Data for processing

□ □ □ □ □

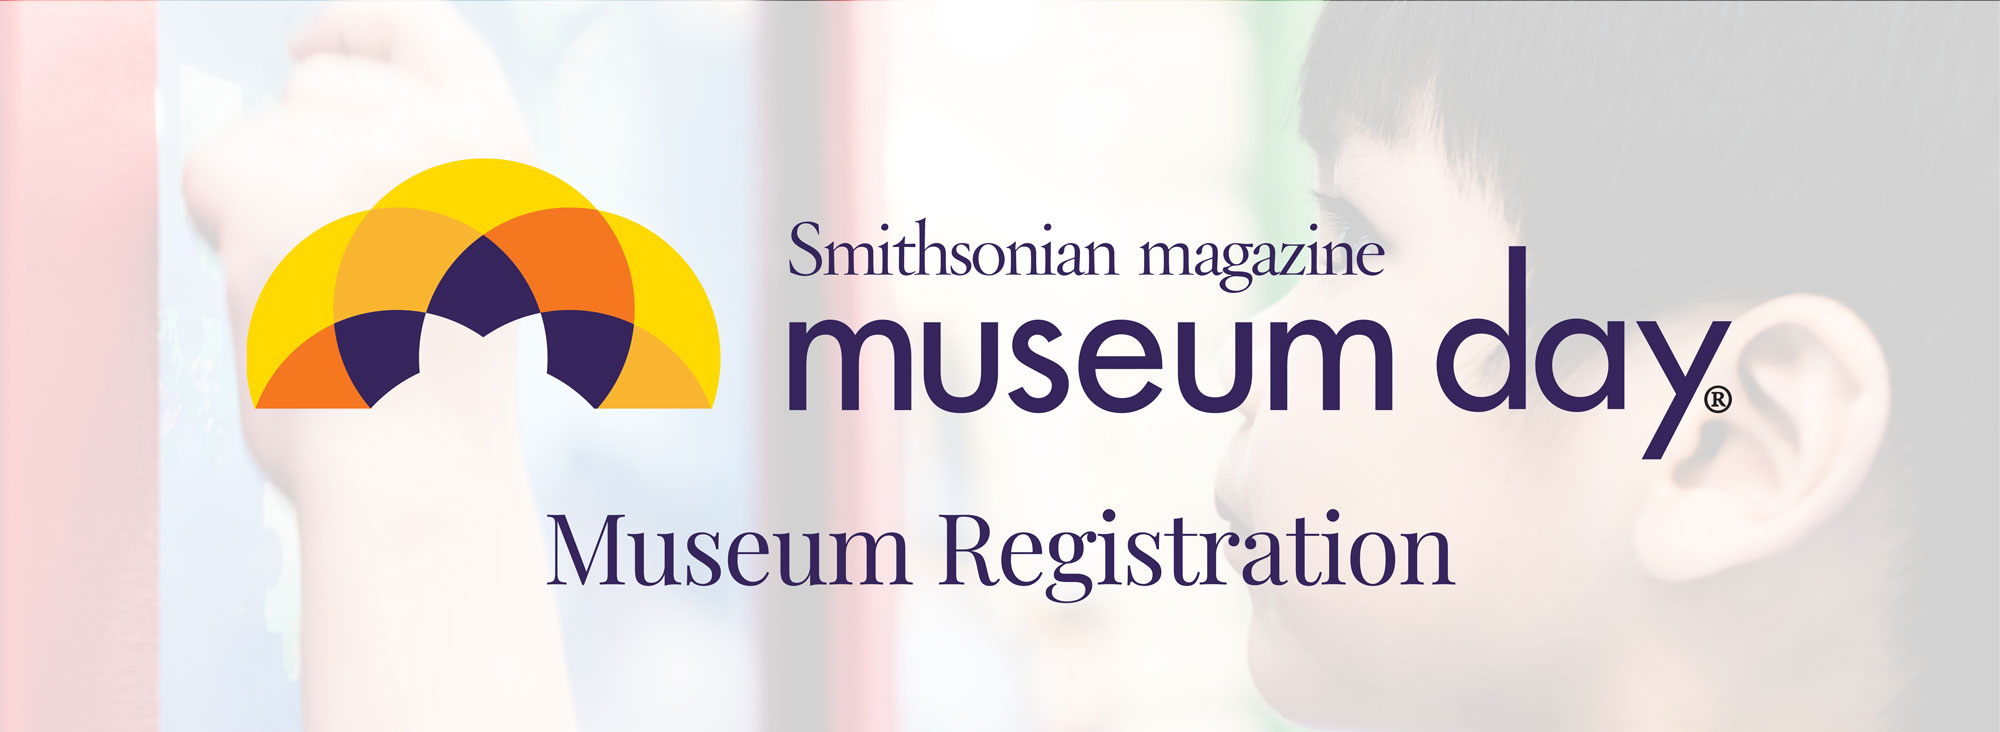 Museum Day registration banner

□ □ □ □ □

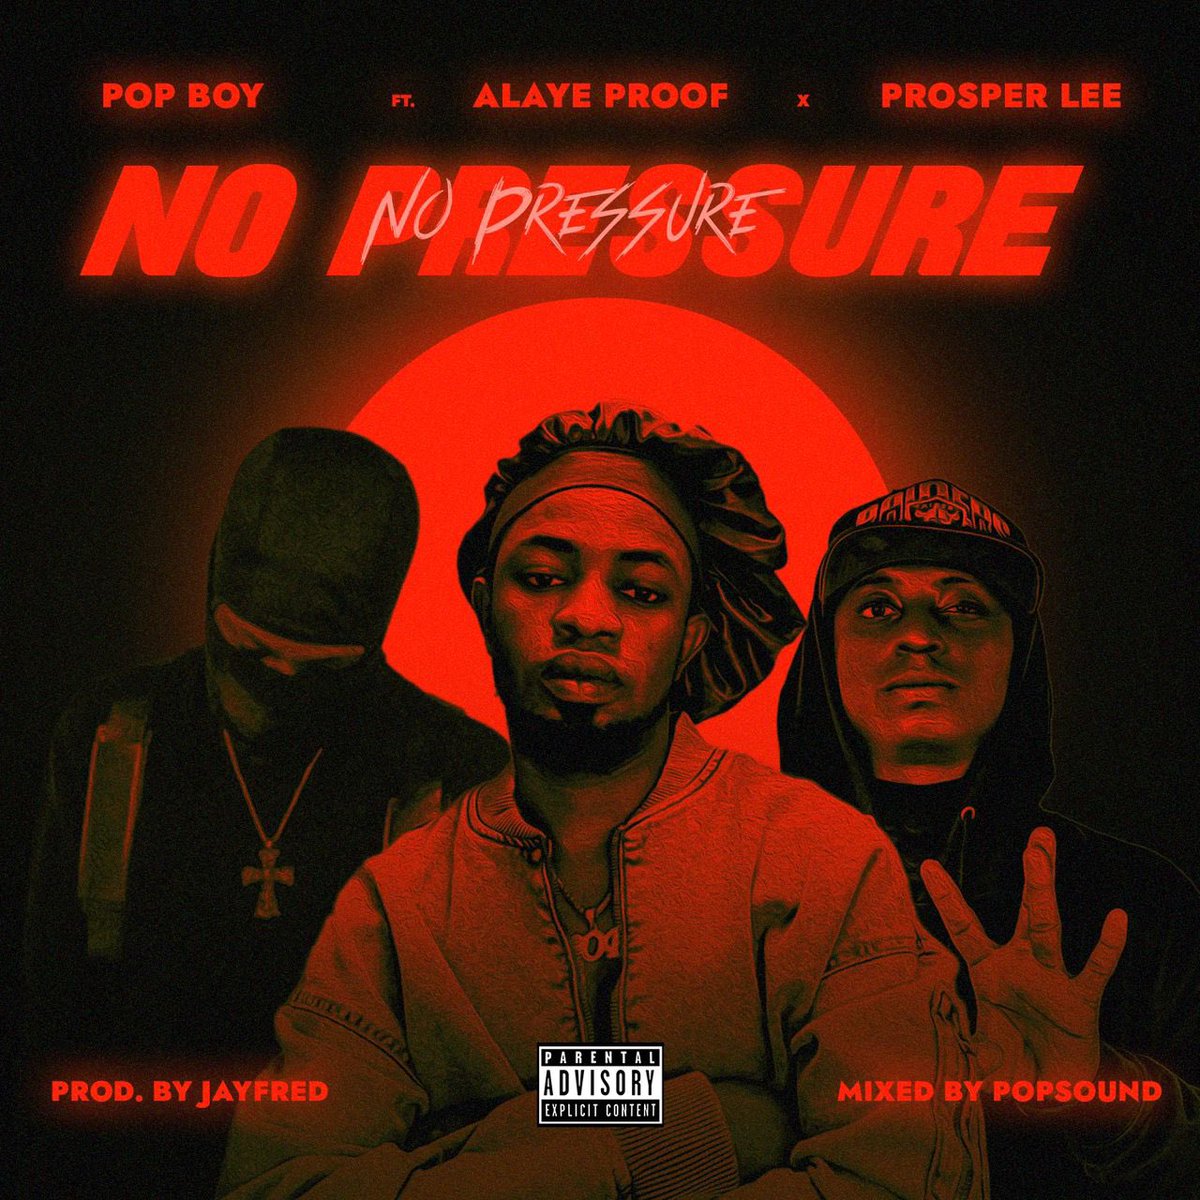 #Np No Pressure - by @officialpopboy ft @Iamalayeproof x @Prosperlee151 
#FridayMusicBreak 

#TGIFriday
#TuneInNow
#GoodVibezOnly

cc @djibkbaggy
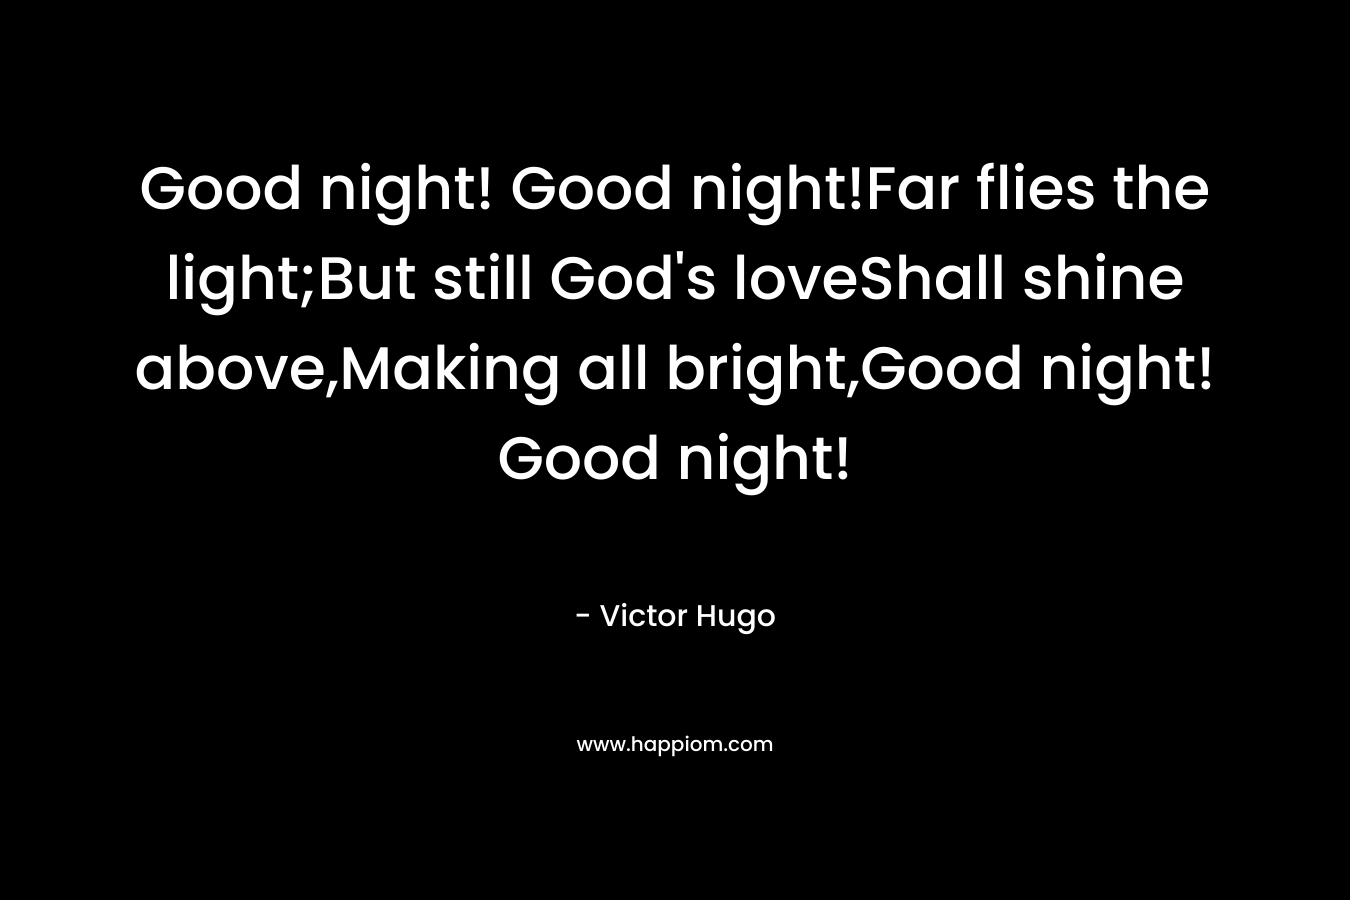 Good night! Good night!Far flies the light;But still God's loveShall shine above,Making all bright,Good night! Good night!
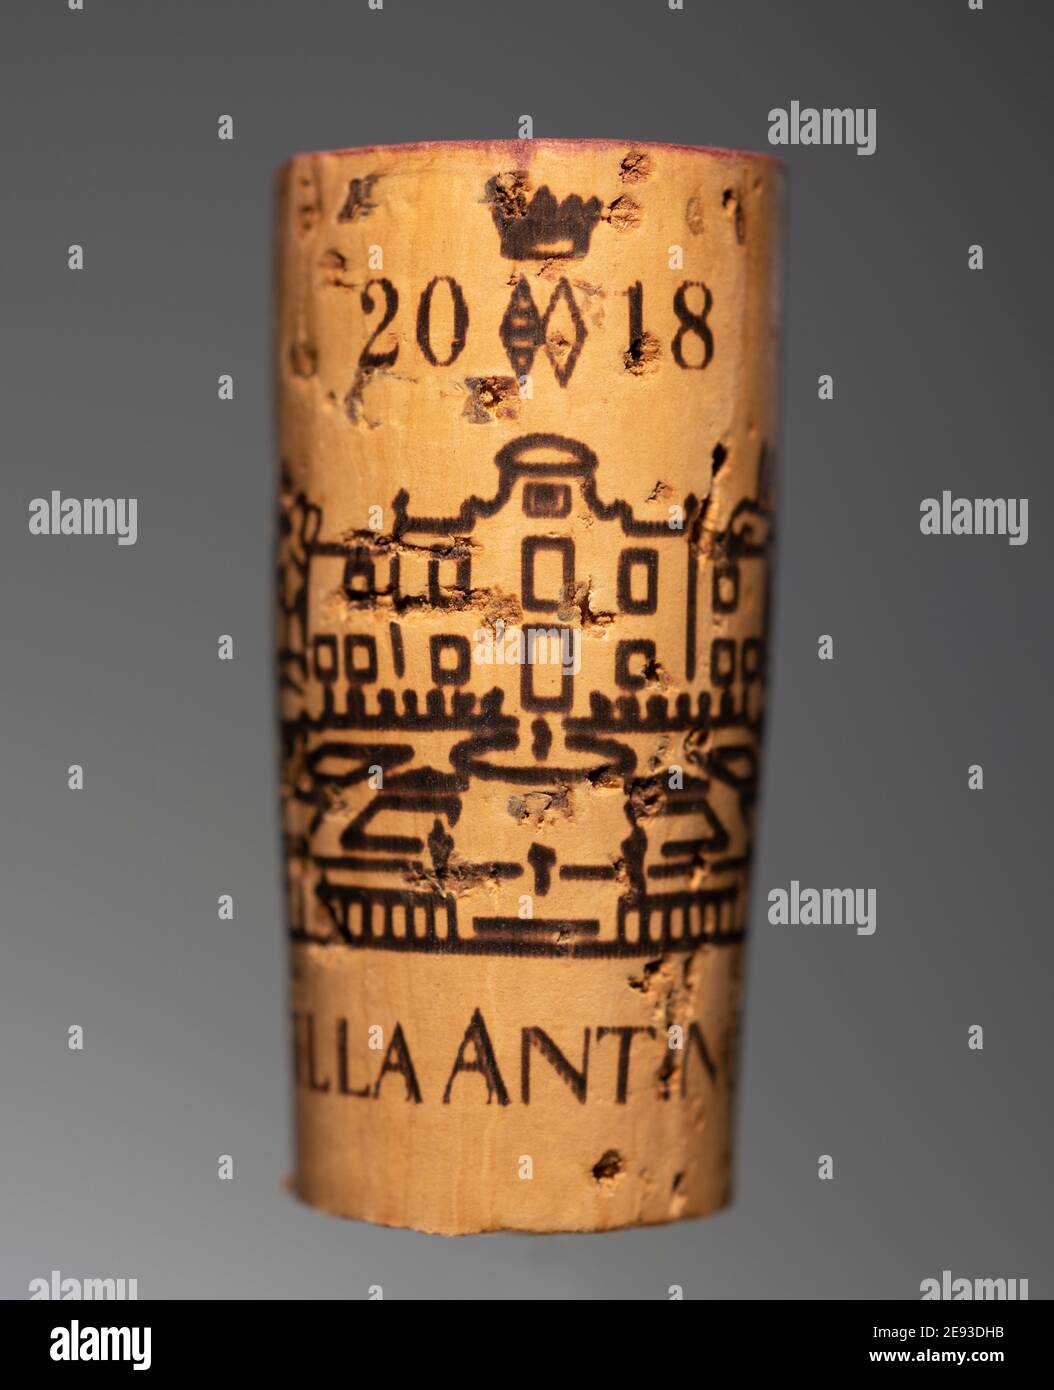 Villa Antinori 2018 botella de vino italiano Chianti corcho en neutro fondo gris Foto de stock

□ □ □ □ □

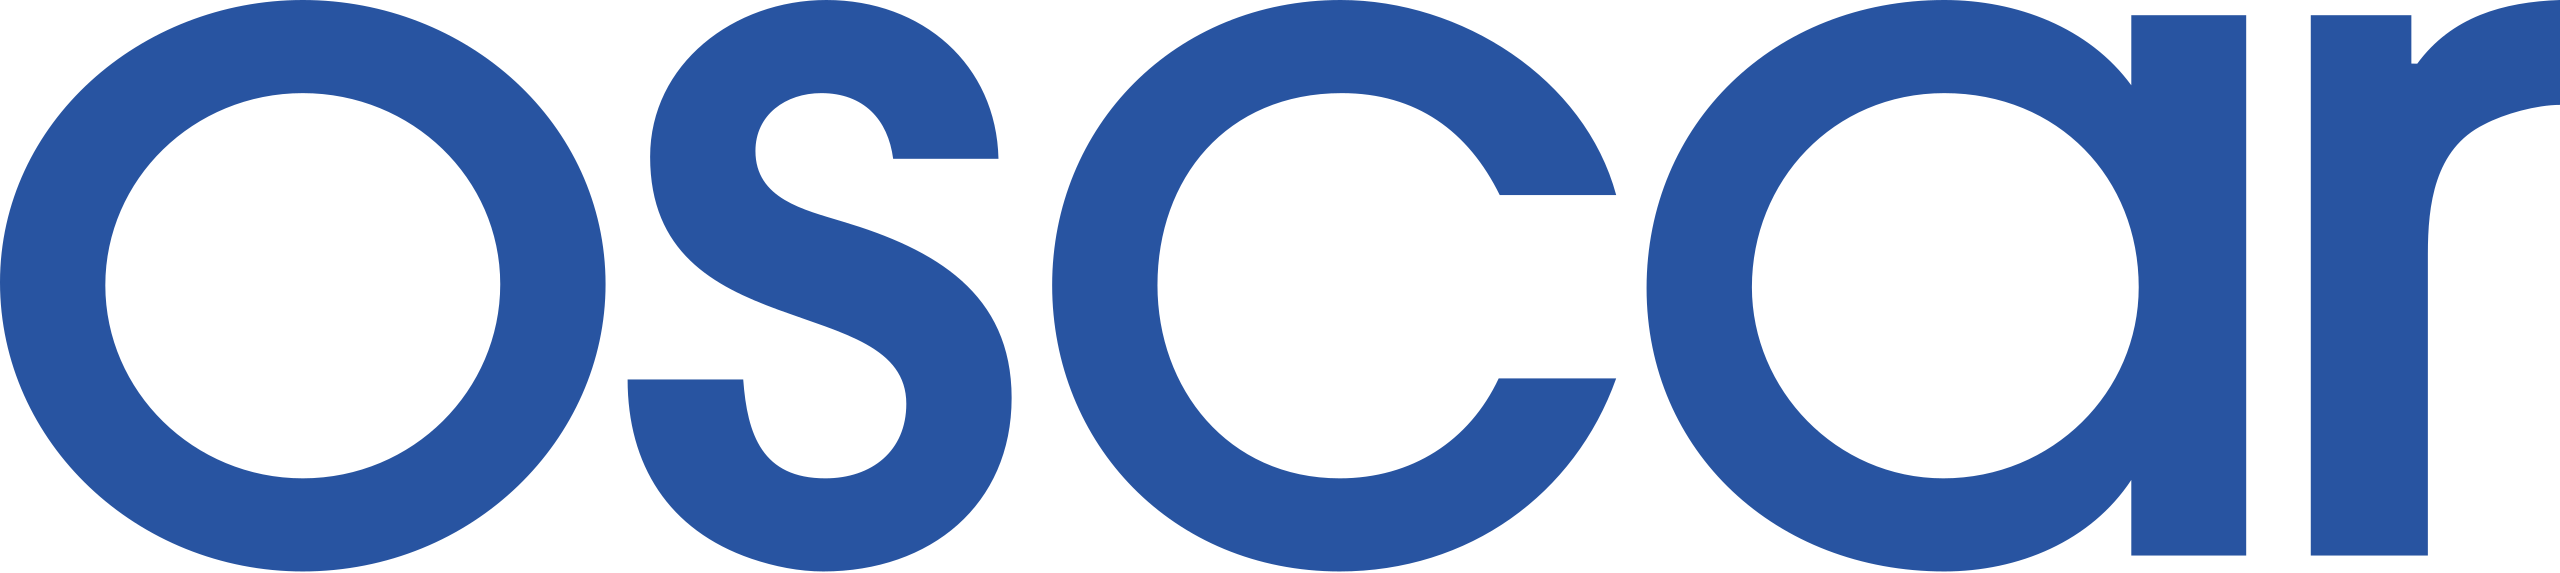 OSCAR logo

□ □ □ □ □

Directions
Using the material above, reproduce only the lines that run from the line with "cc @djibkbaggy" up to and including the line with "Villa Antinori 2018", exactly, with the pictures dropped.

Solution below
cc @djibkbaggy
 Good night! Good night!Far flies the light;But still God's loveShall shine above,Making all bright,Good night! Good night!
 Villa Antinori 2018 botella de vino italiano Chianti corcho en neutro fondo gris Foto de stock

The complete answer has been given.